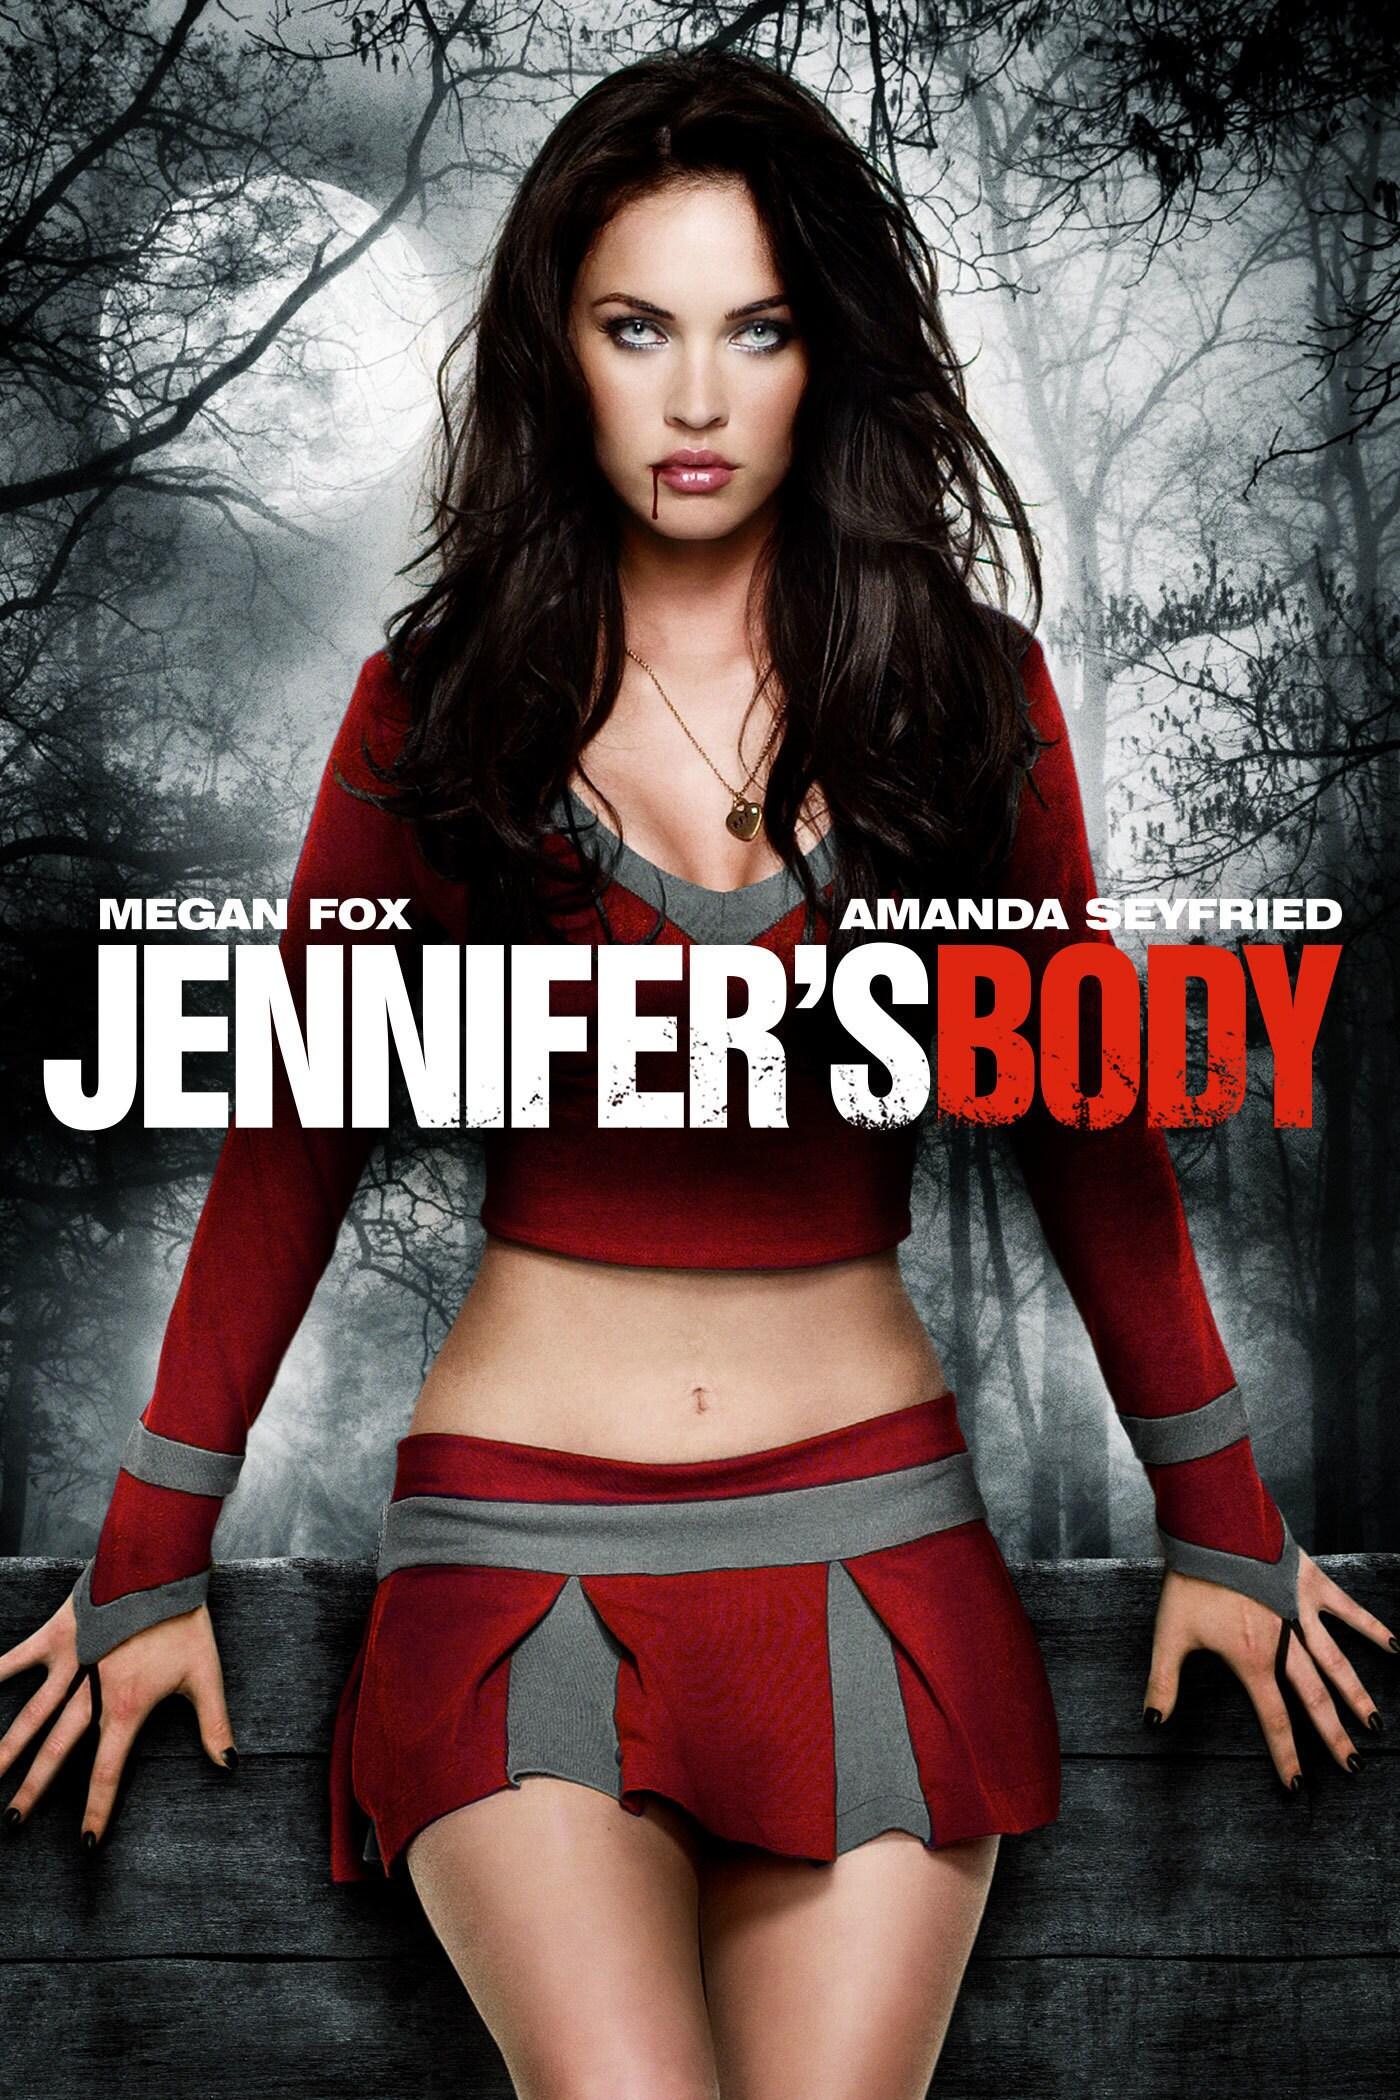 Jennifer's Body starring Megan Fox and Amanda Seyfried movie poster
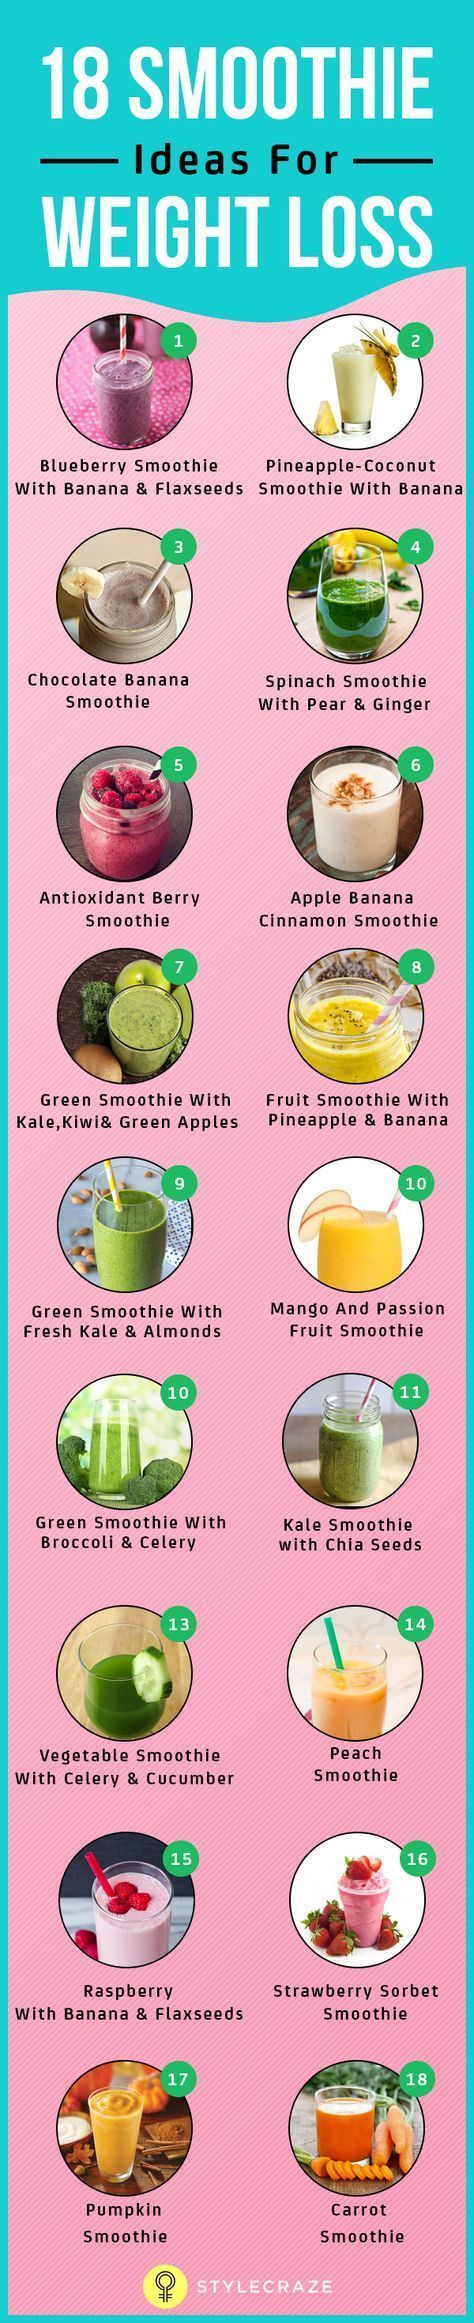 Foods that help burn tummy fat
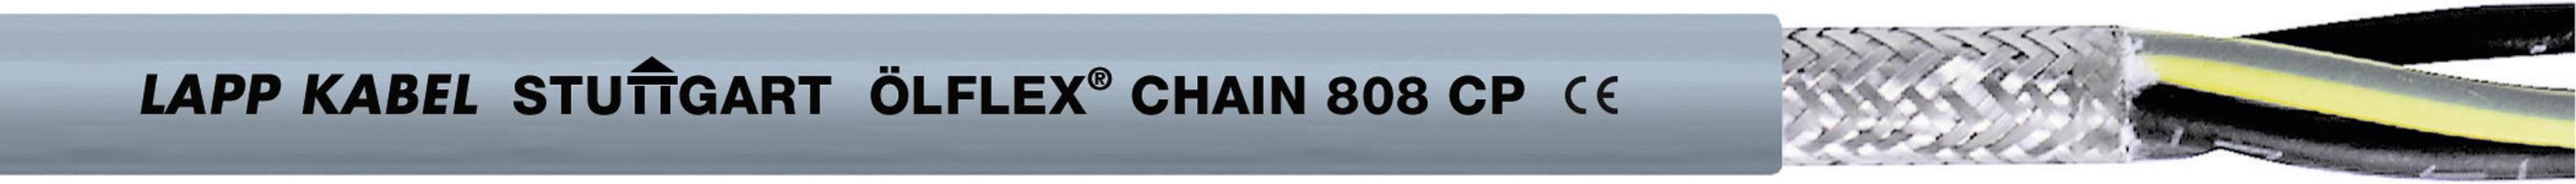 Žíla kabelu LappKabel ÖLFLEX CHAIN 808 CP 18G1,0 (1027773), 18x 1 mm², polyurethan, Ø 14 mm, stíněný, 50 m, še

● **Work to complete**: The images are to be left out; every line above should be set down exactly.

● **Exercise answer**:
 Jennifer's Body starring Megan Fox and Amanda Seyfried movie poster
 Foods that help burn tummy fat
 Žíla kabelu LappKabel ÖLFLEX CHAIN 808 CP 18G1,0 (1027773), 18x 1 mm², polyurethan, Ø 14 mm, stíněný, 50 m, še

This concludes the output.